I understand spacetime in GR is continuous, but how does quantum mechanics reconcile spacetime if time is not quantum?

Time is continuous in QM. It's the observables that are not continuous in general. There have been attempts to define a time operator, but they have been unsuccessful.

The strongest argument I know against discrete space-time defined by elementary cells comes from reasoning in terms of continuous symmetry.

You can define translation invariance as a discrete transformation, similar to what happens in a crystal lattice.
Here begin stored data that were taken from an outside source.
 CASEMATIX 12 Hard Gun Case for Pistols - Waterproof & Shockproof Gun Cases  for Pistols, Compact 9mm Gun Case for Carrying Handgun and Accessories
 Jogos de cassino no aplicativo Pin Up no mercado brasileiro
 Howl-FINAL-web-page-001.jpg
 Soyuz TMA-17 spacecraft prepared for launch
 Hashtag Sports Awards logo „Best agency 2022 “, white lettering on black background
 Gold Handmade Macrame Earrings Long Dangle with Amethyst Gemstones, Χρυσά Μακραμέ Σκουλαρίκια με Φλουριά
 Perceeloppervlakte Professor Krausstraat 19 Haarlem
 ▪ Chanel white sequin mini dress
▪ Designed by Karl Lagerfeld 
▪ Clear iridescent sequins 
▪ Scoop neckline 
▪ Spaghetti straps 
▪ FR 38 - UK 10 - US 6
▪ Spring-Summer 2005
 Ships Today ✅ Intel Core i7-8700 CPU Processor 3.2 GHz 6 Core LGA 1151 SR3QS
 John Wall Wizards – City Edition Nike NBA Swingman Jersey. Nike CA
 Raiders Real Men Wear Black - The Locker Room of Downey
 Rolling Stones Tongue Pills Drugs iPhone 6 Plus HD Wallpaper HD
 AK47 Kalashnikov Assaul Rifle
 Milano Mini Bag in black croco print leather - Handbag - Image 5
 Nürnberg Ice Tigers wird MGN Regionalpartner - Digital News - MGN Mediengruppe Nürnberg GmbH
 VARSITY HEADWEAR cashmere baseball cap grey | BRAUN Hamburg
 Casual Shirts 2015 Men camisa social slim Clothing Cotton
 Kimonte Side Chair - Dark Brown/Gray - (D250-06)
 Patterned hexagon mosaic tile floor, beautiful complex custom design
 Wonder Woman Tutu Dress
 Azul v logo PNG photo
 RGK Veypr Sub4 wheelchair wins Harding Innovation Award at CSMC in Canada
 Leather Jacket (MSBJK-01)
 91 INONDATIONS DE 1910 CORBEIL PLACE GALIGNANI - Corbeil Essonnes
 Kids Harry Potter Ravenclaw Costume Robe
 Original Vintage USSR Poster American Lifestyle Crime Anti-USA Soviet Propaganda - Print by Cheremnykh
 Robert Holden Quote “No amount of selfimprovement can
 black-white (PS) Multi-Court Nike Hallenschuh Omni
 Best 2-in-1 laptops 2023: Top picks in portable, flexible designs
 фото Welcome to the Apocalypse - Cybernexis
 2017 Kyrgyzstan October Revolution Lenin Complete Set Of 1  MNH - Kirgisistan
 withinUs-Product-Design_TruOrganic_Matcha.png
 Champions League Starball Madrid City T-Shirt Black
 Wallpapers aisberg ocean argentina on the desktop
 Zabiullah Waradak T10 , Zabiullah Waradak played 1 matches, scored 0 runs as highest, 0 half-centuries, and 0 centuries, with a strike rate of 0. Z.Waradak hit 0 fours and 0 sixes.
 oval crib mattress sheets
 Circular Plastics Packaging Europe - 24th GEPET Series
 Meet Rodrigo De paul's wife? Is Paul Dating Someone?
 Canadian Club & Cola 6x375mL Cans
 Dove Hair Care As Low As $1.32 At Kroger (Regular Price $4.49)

If the points of the lattice were extremely close together, you wouldn't be able to tell the difference.

But what's more difficult is to give consistency to rotation invariance and Lorentz transformation boosts (shifts from an inertial frame to another one moving at uniform speed with respect to the first, equivalent to a "hyperbolic shift") in a granular lattice. Lattice structures have nothing remotely similar mathematically to a group of such a high index of symmetry that can look like a continuous group at all scales. Keep in mind that rotations by a small angle shift far away points to arbitrarily large distances. And for all we know continuous rotations can't tell of any anisotropy of space-time at far-away distances.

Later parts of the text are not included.